R Inconsistencies

A collection of detected R inconsistencies and bugs.

Dimension inconsistencies

  1. Subsetting a matrix by selecting 0 rows and 0 columns preserves matrix format even without drop=FALSE.

    matrix()[1,0]                          matrix()[0,0]
    ## integer(0)                          ## <0 x 0 matrix>
    
  2. qnorm() drops matrix format when input is an empty matrix.

    qnorm(matrix(0.1, nrow=1, ncol=2))     qnorm(matrix(0.1, nrow=0, ncol=0))
    ##           [,1]      [,2]            ## numeric(0)
    ## [1,] -1.281552 -1.281552
    
  3. rbind() does not preserve the number of rows for data.frames, while cbind() does.

    mat <- matrix(nrow=2, ncol=0)
    df  <- as.data.frame(mat)
    
    
    dim(mat)                               dim(df)
    ## [1] 2 0                             ## [1] 2 0
    
    dim(cbind(mat, mat))                   dim(cbind(df, df))
    ## [1] 2 0                             ## [1] 2 0
    
    dim(rbind(mat, mat))                   dim(rbind(df, df))
    ## [1] 4 0                             ## [1] 0 0
    

    Number of columns are always preserved, making rbind and number of rows the only exception.

Type inconsistencies

  1. is.nan doesn’t work on data.frames while is.na does.

    is.na(iris)                            is.nan(iris)
    ## <works>                             ## <error>
    
  2. any() works on numeric data.frames but not on logical data.frames.

    any(data.frame(A=0, B=1))              any(data.frame(A=TRUE, B=FALSE))
    ## <warning>                           ## <error>
    ## TRUE
    
  3. rbind() on data.frame do not adjust row names to be unique when the data.frame is nested.

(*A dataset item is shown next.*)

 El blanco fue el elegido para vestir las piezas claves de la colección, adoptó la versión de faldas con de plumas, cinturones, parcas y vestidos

    df    <- data.frame(a=1:3)
    df$df <- data.frame(a=1:3)
    
    
    rbind(df, df)
    ## <error>
    

Hypothesis test inconsistencies

  1. Paired versions of wilcoxon.test() has tolerance issues when detecting if ties are present.

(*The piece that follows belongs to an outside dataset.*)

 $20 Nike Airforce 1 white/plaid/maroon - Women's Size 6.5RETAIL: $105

    wilcox.test(c(4,3,2), c(3,2,1), paired=TRUE)
    ## <warning about ties>
    
    
    wilcox.test(c(0.4,0.3,0.2), c(0.3,0.2,0.1), paired=TRUE)
    ## <no warning>
    
  2. Paired wilcox.test() throws an error about x when y observations are missing.

    wilcox.test(c(1,2), c(NA_integer_,NA_integer_), paired=TRUE)
    ## <error about not enough 'x' observations>
    
  3. var.test does not accept conf.level of either 0 or 1, while t.test does.

    t.test(rnorm(10), rnorm(10), conf.level=0)
    ## <works>
    
    
    var.test(rnorm(10), rnorm(10), conf.level=0)
    ## <error>
    

  1. ◦  Worth noting that this behaviour is documented in the manual pages of ?rbind.data.frame.